Many doctors and health analysts caution these outcomes are more about socio-economic factors, access to testing and treatment, implicit bias, and even the restrictions essential workers face in their ability to take time off to see a doctor – compounded by the added worry of whether or not the doctor’s office is even safe.
For Dr. Bibbins-Domingo these glaring disparities mean healthcare providers must close the gaps to ensure accessible and equitable healthcare. Muhammed Ali once said, “Wars of nations are fought to change maps, but wars of poverty are fought to map change.” She said, “In many ways we really are in a fight to map change. A fight to radically change our healthcare delivery, which includes where we place pharmacies and make investments in public transit systems. We believe the Health Atlas can help us see these communities through a more holistic lens, and hopefully we can use this moment to leverage the pandemic’s destruction to create real change.”
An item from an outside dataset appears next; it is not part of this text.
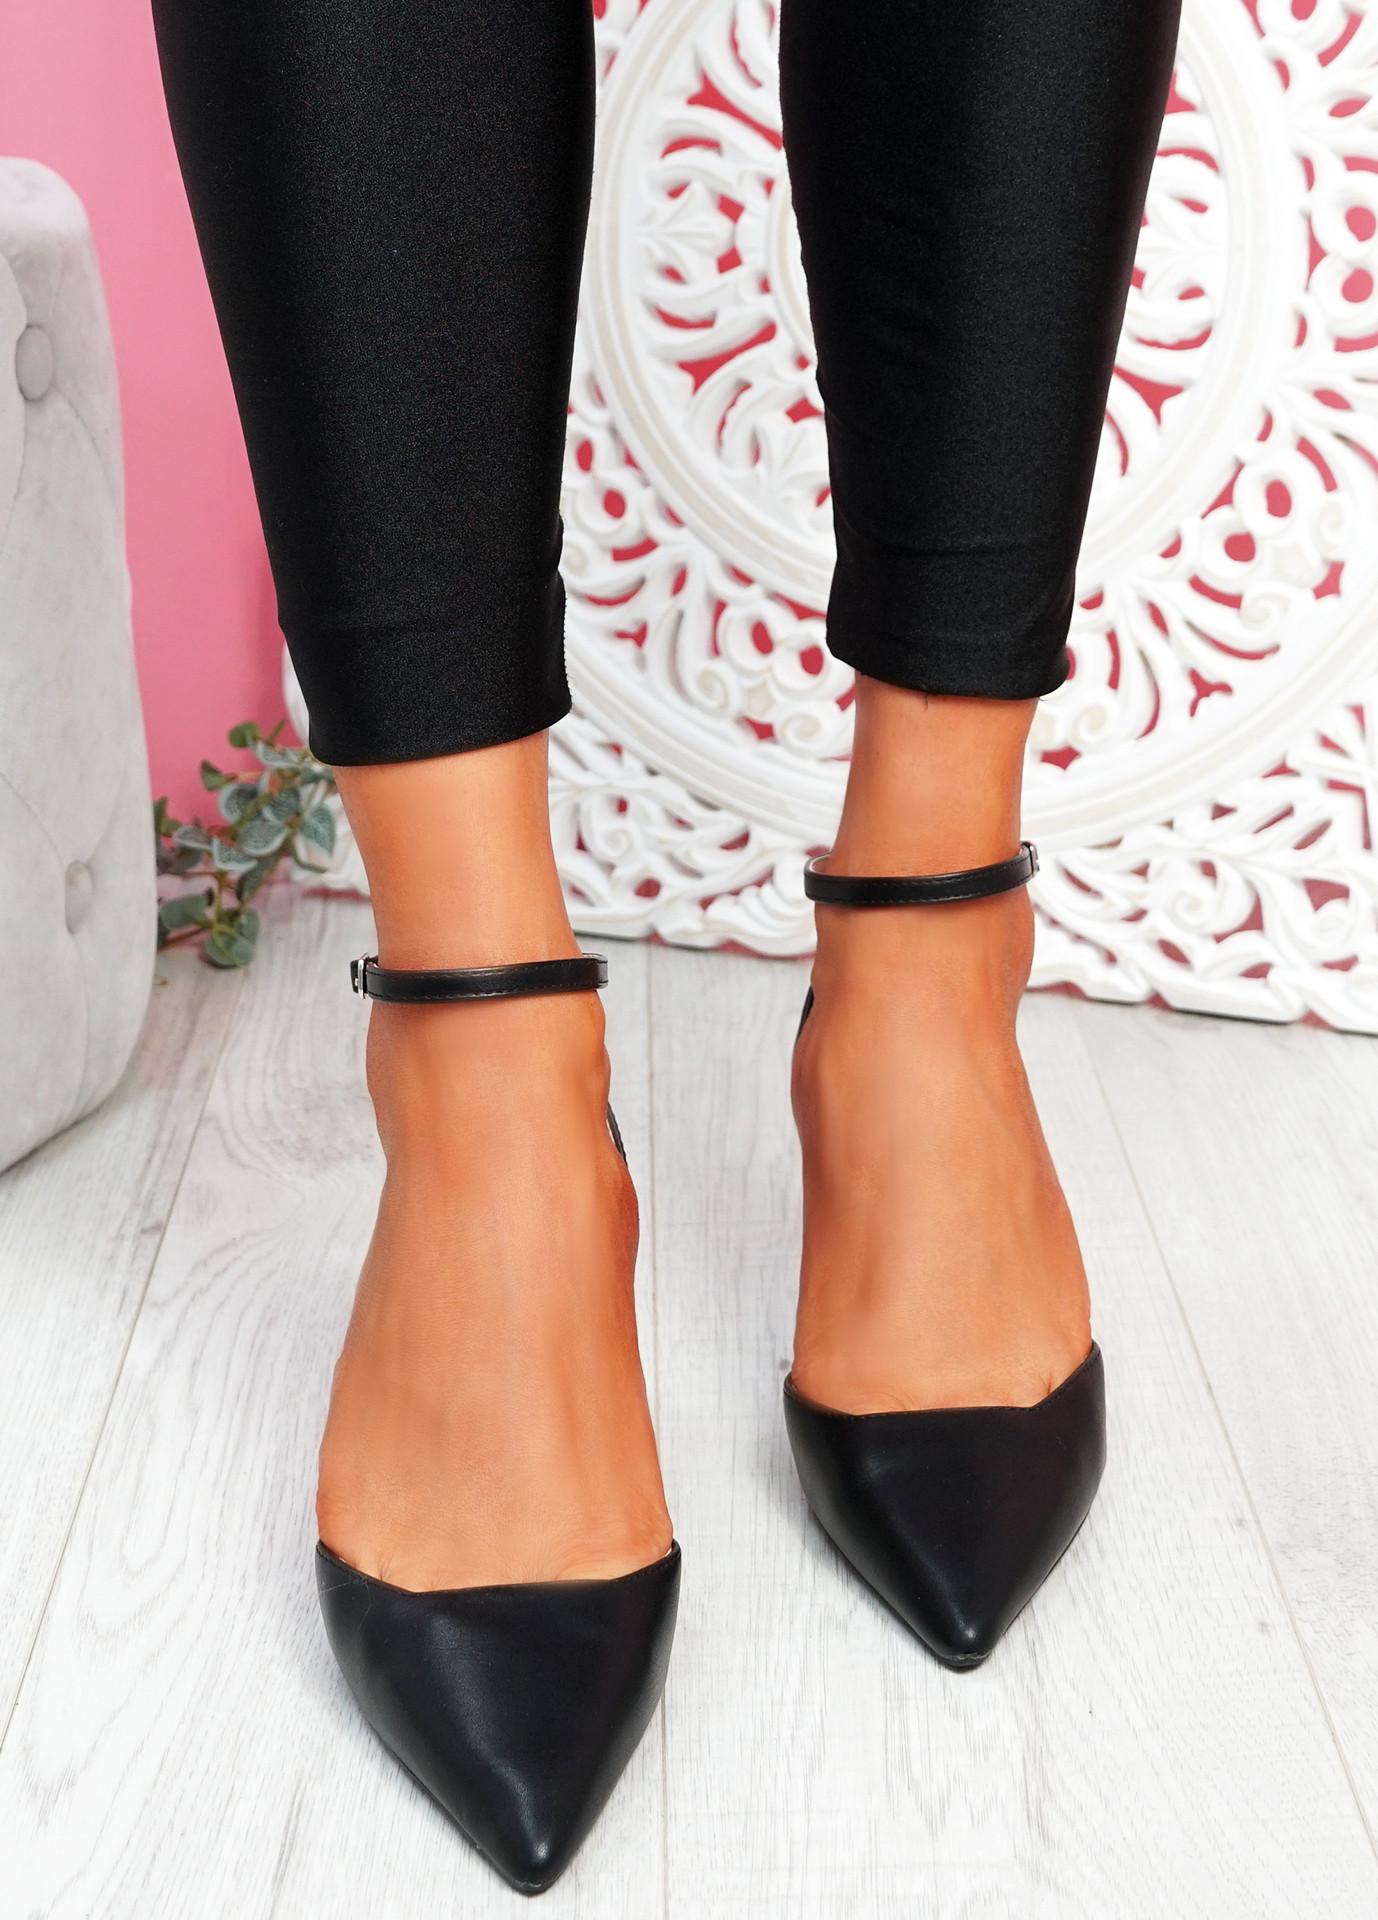 Sivo Black Stiletto Ankle Strap Pumps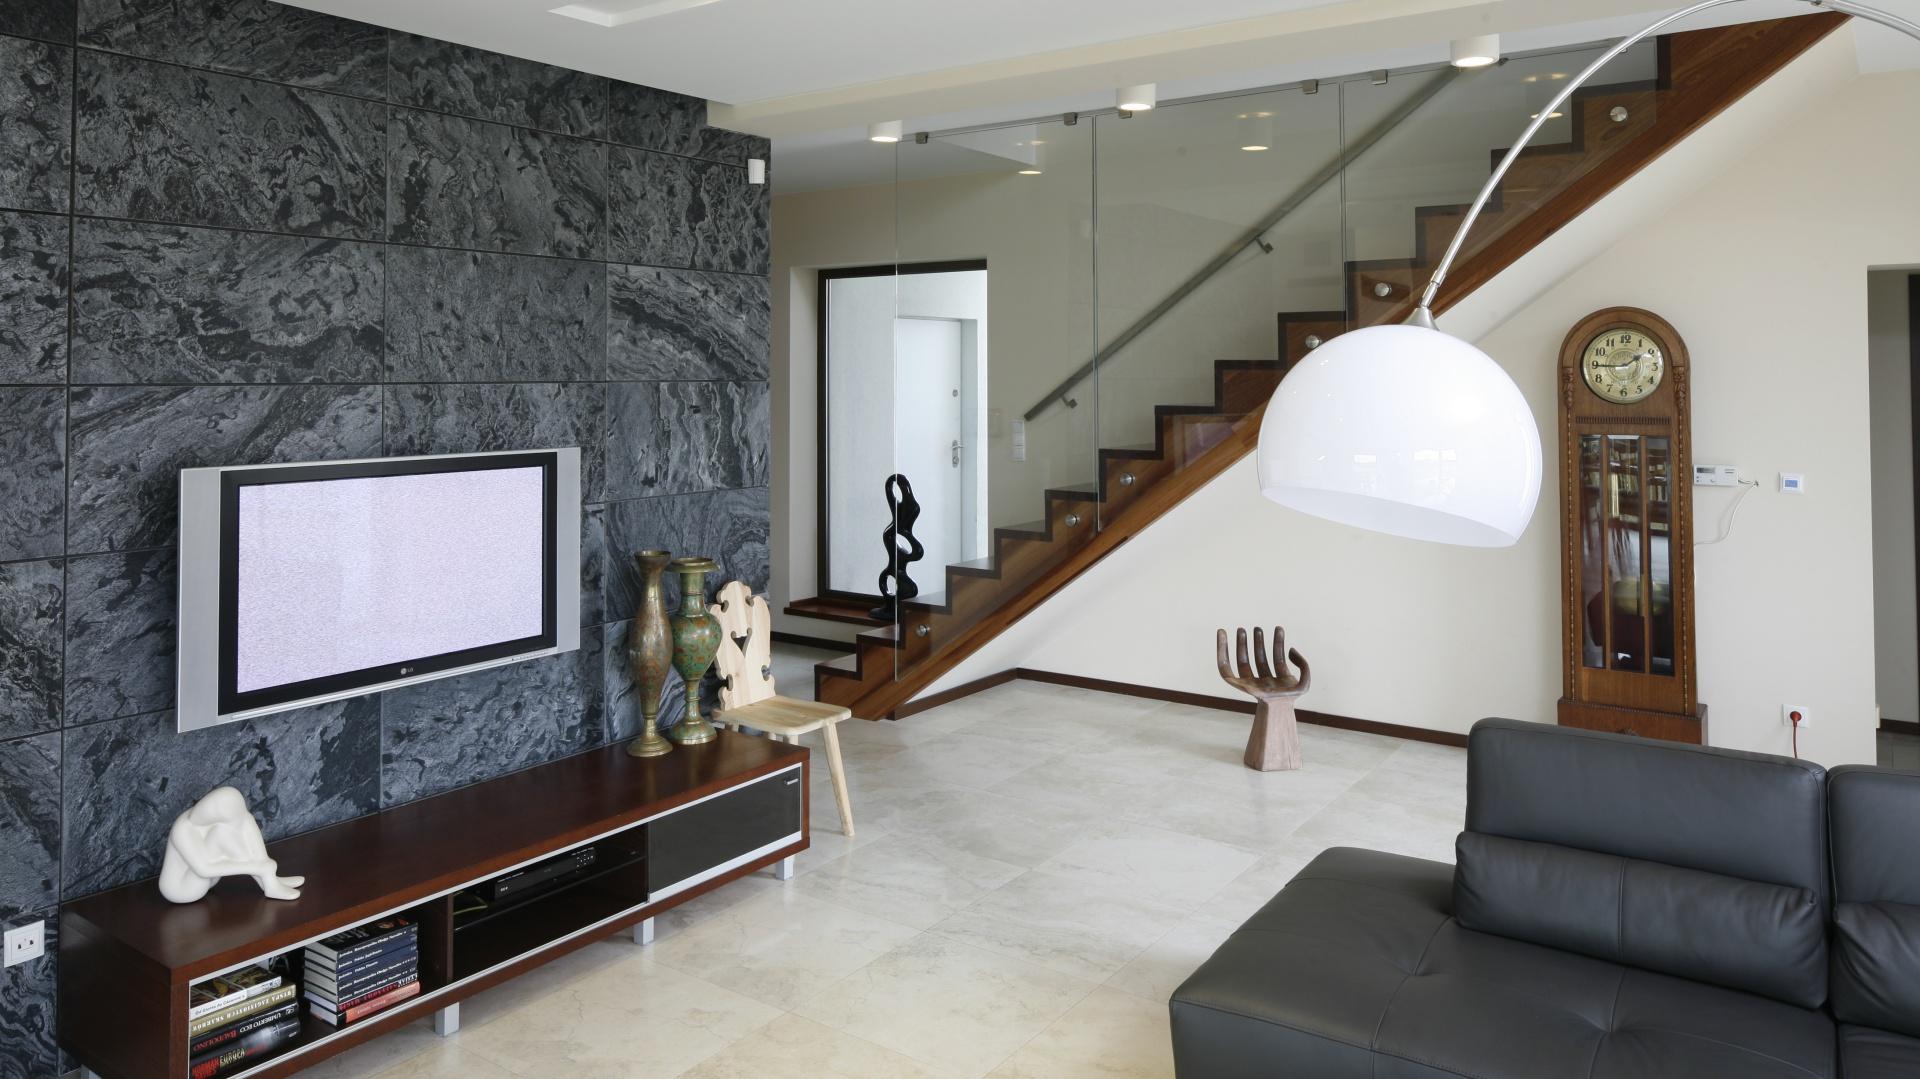 Na ścianie za telewizorem zastosowano polerowany łupek, pod kolor kamienia dobrano także niektóre meble. Projekt: Piotr Stanisz. Fot. Bartosz Jarosz

Shown above is a map from the UCSF Health Atlas depicting 40.1% food insecurity in a West Oakland, CA neighborhood. California’s average food insecurity is 12.7%. To learn more about the disparities in the impacts of COVID-19, watch a video presentation by Dr. Bibbins-Domingo.
Ghanya C. Thomas is IT diversity outreach coordinator and executive assistant, Information Technology Services, UC Office of the President.